---------- Data section ----------

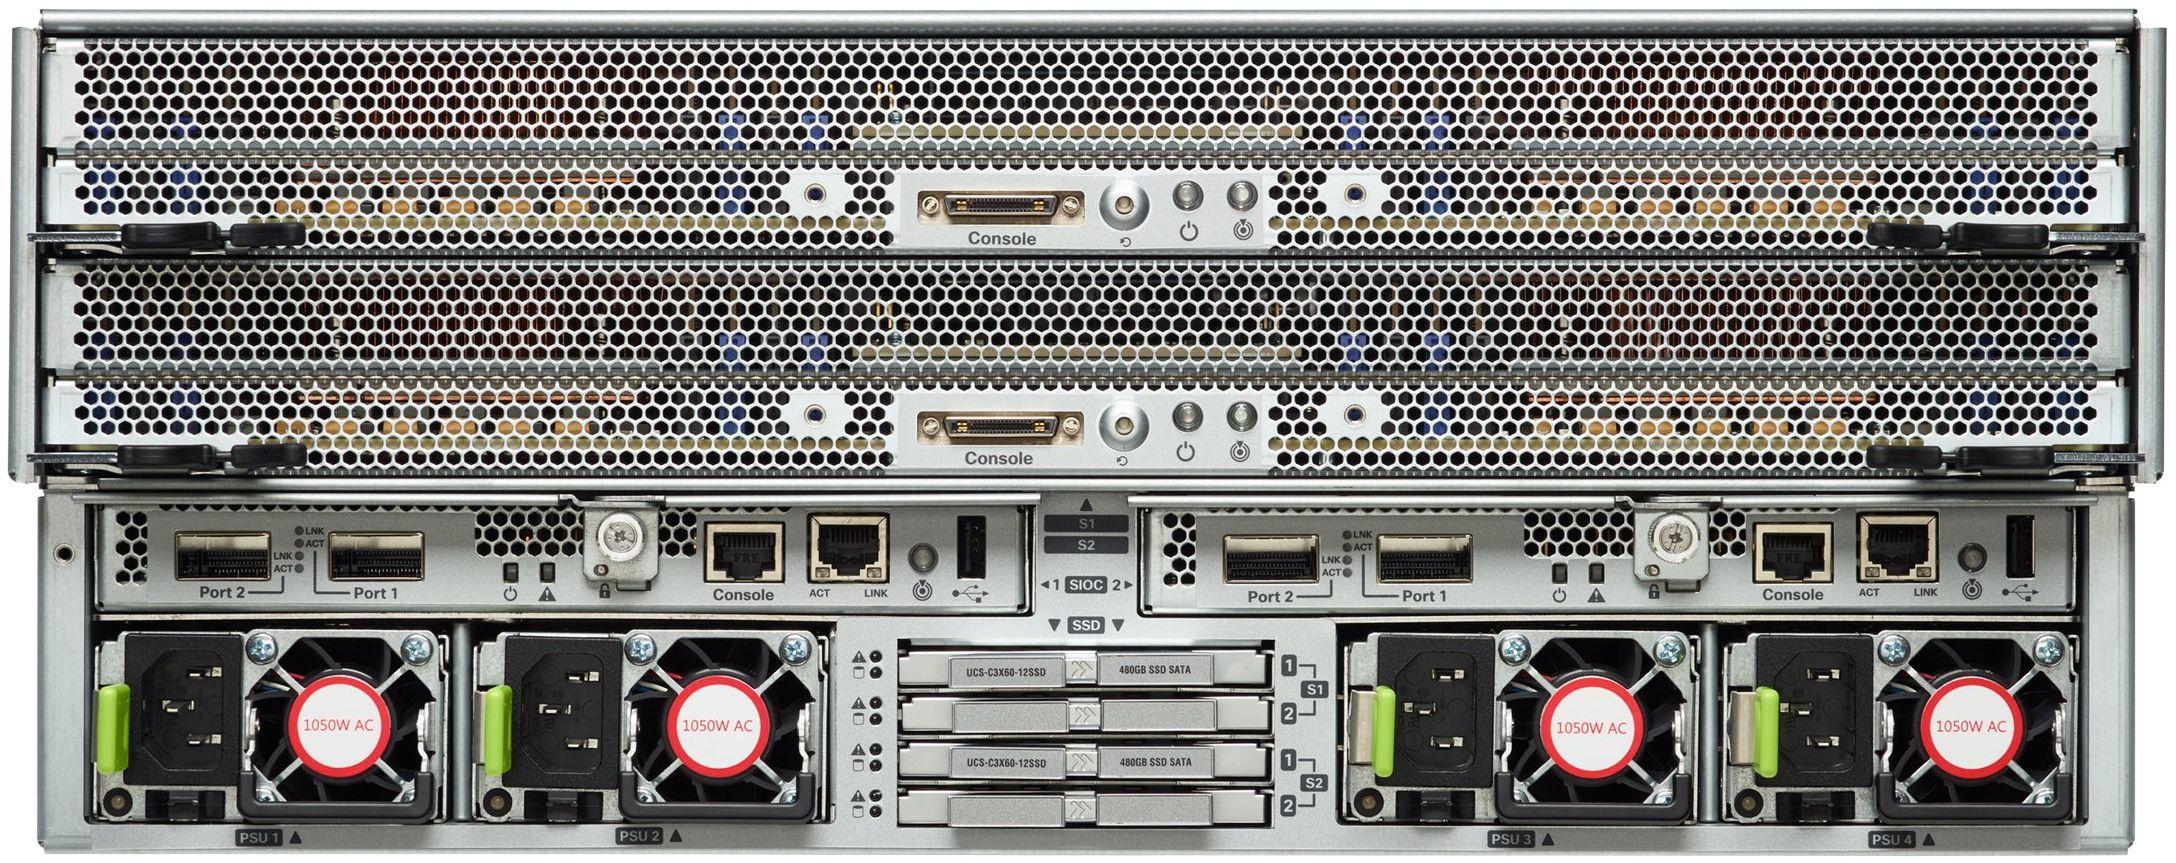 Cisco UCS C3260 Rear
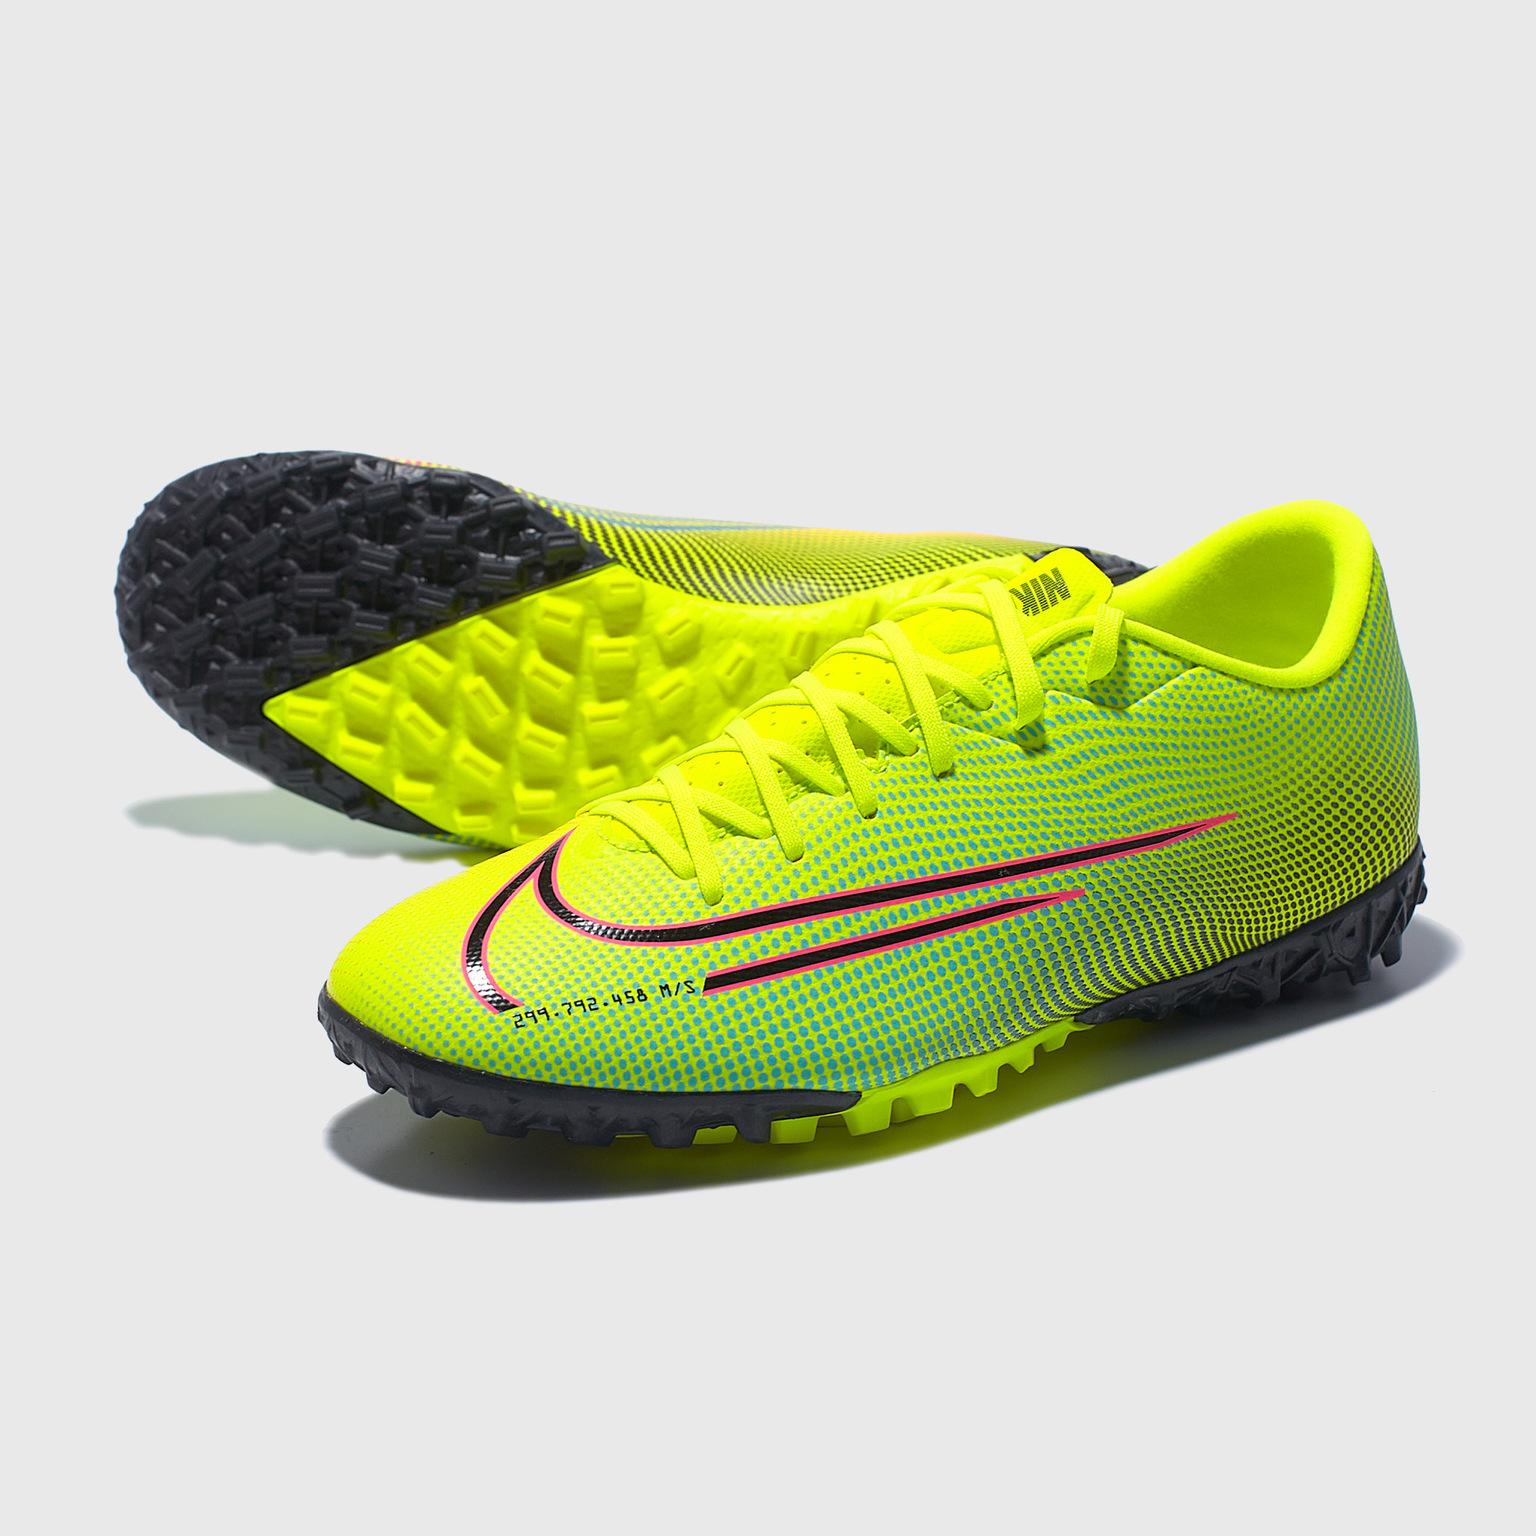 Фото - Шиповки Nike Vapor 13 Academy MDS TF CJ1306-703 шиповки детские nike vapor 13 academy neymar tf at8144 104
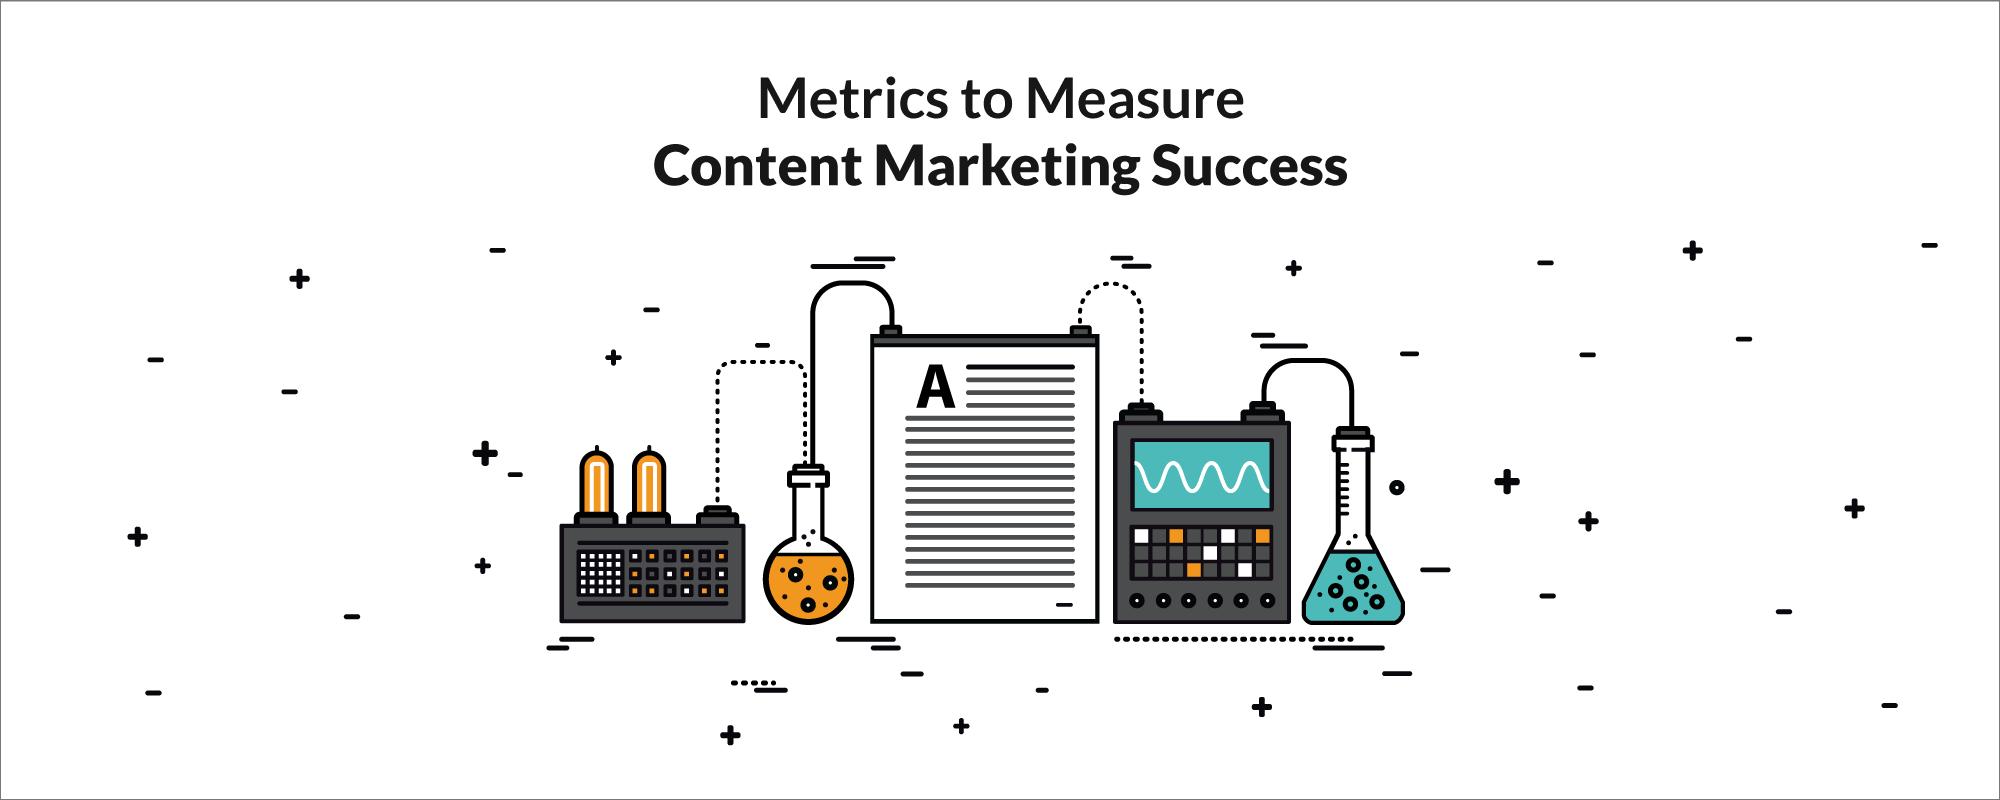 Various Metrics to Measure Content Marketing Success

----------

> **Exercise**
Send back every line of the listing exactly. Omit the images.

> **Reply to the exercise**
 Cisco UCS C3260 Rear
 Фото - Шиповки Nike Vapor 13 Academy MDS TF CJ1306-703 шиповки детские nike vapor 13 academy neymar tf at8144 104
 Various Metrics to Measure Content Marketing Success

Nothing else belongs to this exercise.